2) Because I had shingles throughout the summer and because TJ was (using the past tense still seems wrong) so incredibly caring, we saw each other nearly everyday during what turned out to be his last days. We usually saw each other a few times a week anyway, but while I was flattened, he, of his own volition, made me homemade spaghetti sauce and burritos and chicken noodle soup and stir-fry and frequently did my grocery shopping, picked up my prescriptions, and as I improved, drove me on short jaunts so I could actually leave our neighborhood. During the worst of the pain, he decreed we would have Goofy TV and Junk Food Night and we viewed CBS' Monday night line-up and scarfed his signature popcorn (made with olive oil and parmesan cheese, which sounds gross but he made deliciously), pepperoni pizza, nearly a pint each of Haagen-Dazs, and, somewhat as a joke at that point, several organic mangos and glasses of water. (Obviously, both of us ate healthily as a rule, hence the fun of splurging.) Despite the left part of my skull, neck, and torso were on fire, he made me laugh the whole goddamned night. And, of course, there was the delightful surprise party he threw for me in August. (I count it among my favorite days and, if you're curious, you can read about it here: http://theslipperyfish.blogspot.com/2009/08/best-anniversary-ever-as-such.html)

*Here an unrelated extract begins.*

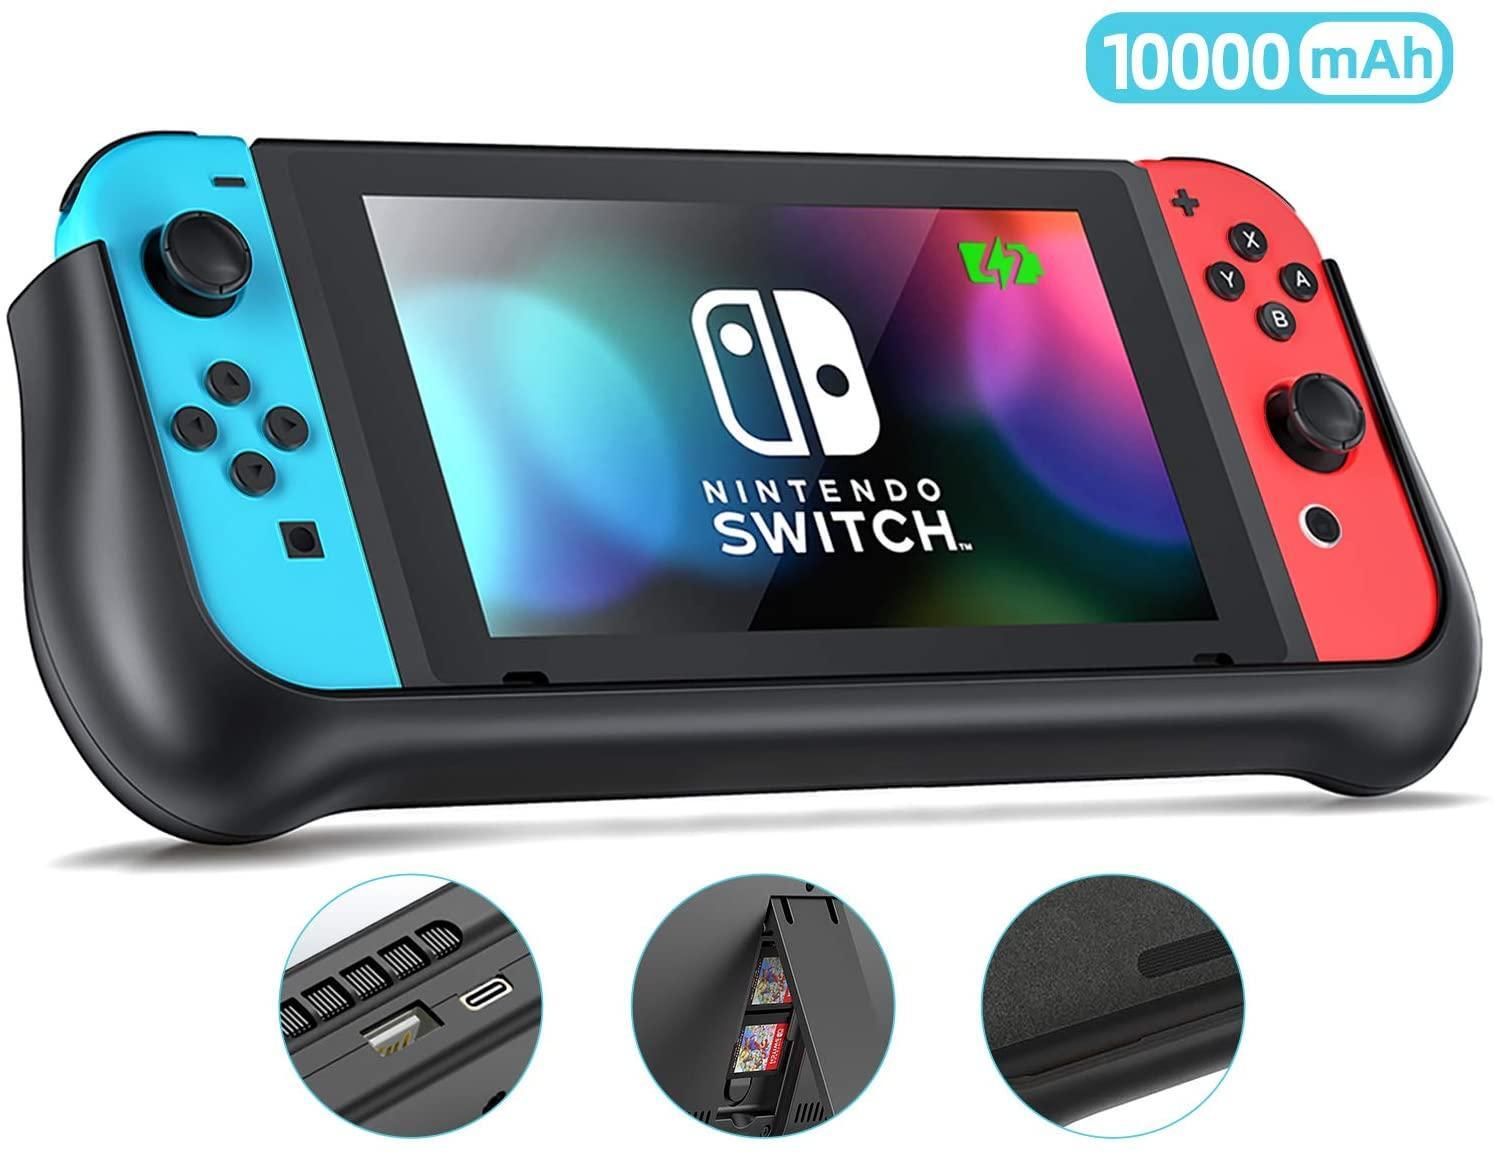 Bærbar lader kompatibel med Nintendo Switch - svart - Elkjøp

TJ and I first met in a Creative Writing class spring quarter of our junior year at the University of Washington 1988. He told me he liked my short story; I told him he had a great name for a mystery writer. He asked me out, but I had a boyfriend then. We stayed friends and later dated on and off from 1991 to 1994, again in 2000, throughout 2007 and on and off until he died. (I wouldn't usually divulge private details publicly, but I've been asked this question about a thousand times in the past six weeks and I'm confident he would be fine with my answering it definitively.) When we weren't dating, we remained close friends and everyone still saw us together. Hence, the confusion. And while this seems self-evident, no, of course we did not date each other while we were seeing other people or while he was briefly married. Also, and he'd be amused that I'm writing this but here goes: both of us broke up with each other more than once. I.e. it was a level playing field, as it were, which is part of what allowed us to remain close and grow to be best friends.

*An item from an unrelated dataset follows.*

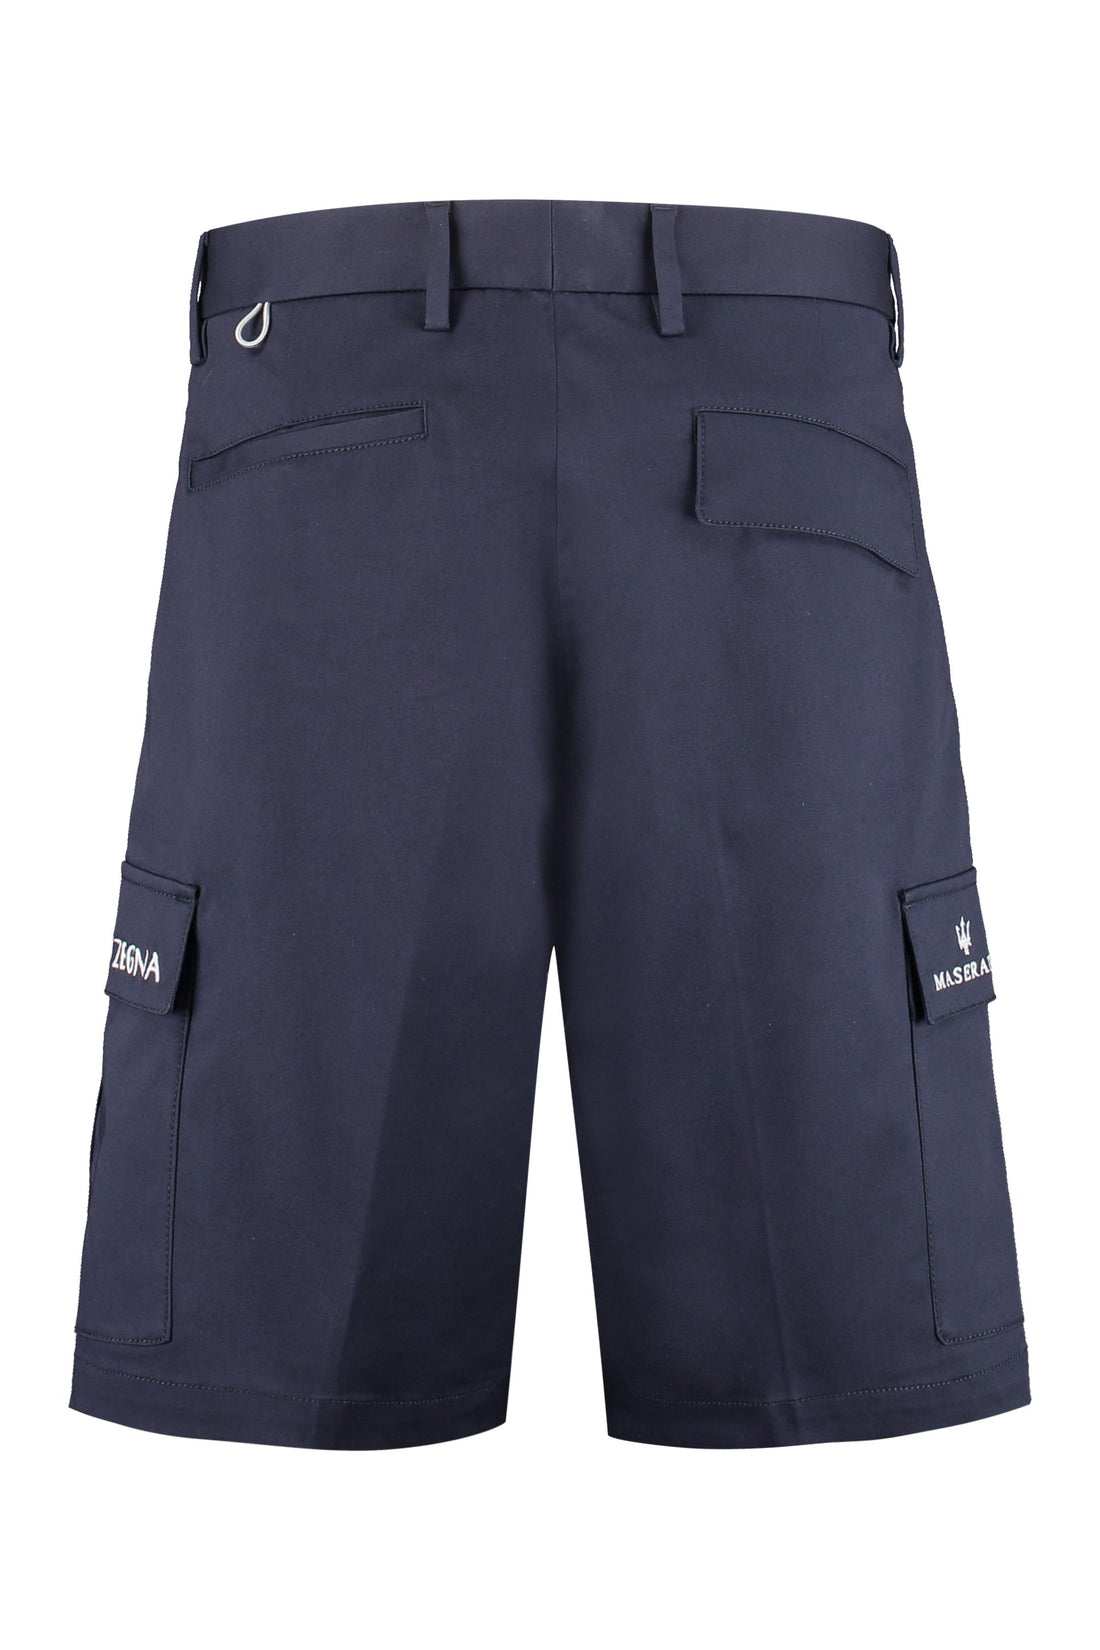 Zegna-OUTLET-SALE-Cotton bermuda shorts-ARCHIVIST

And that's just it: regardless of our "status" at any given moment, we were best friends and told each other so all the time. Nothing went unspoken: we frequently told each other how much we loved one another. There's not a room in my home he didn't paint or in which he didn't hang the pictures, move the furniture, install the light bulbs, make repairs, or, well, you can take it from there. And while his family, to whom I deferred on all matters while he went missing and who insisted I was the only one of his friends allowed to have contact with them during those four days and who asked me to hold the vigil the night we learned he was dead and to make dozens of phone calls on their behalf and asked me to help coordinate his Seattle memorial along with his cousin, and then, without a word of explanation, allowed me to read online later that same day the details had been set despite the fact I made it repeatedly and abundantly clear I would continue to defer to each of their wishes re the memorial (and I have the emails that bear this out), well, I know their agony is immeasurable and I wish them peace. And if they're comfortable having buried their son without including the person with whom he was closest throughout his most of his adult life, so be it.

I'm going for a walk now. Despite all odds, I've been cane-free for the past two weeks for the first time since January. And I suspect a certain climber of prodigious intellectual and creative gifts and a massive, ceaselessly kind heart has a bit of something to do with it.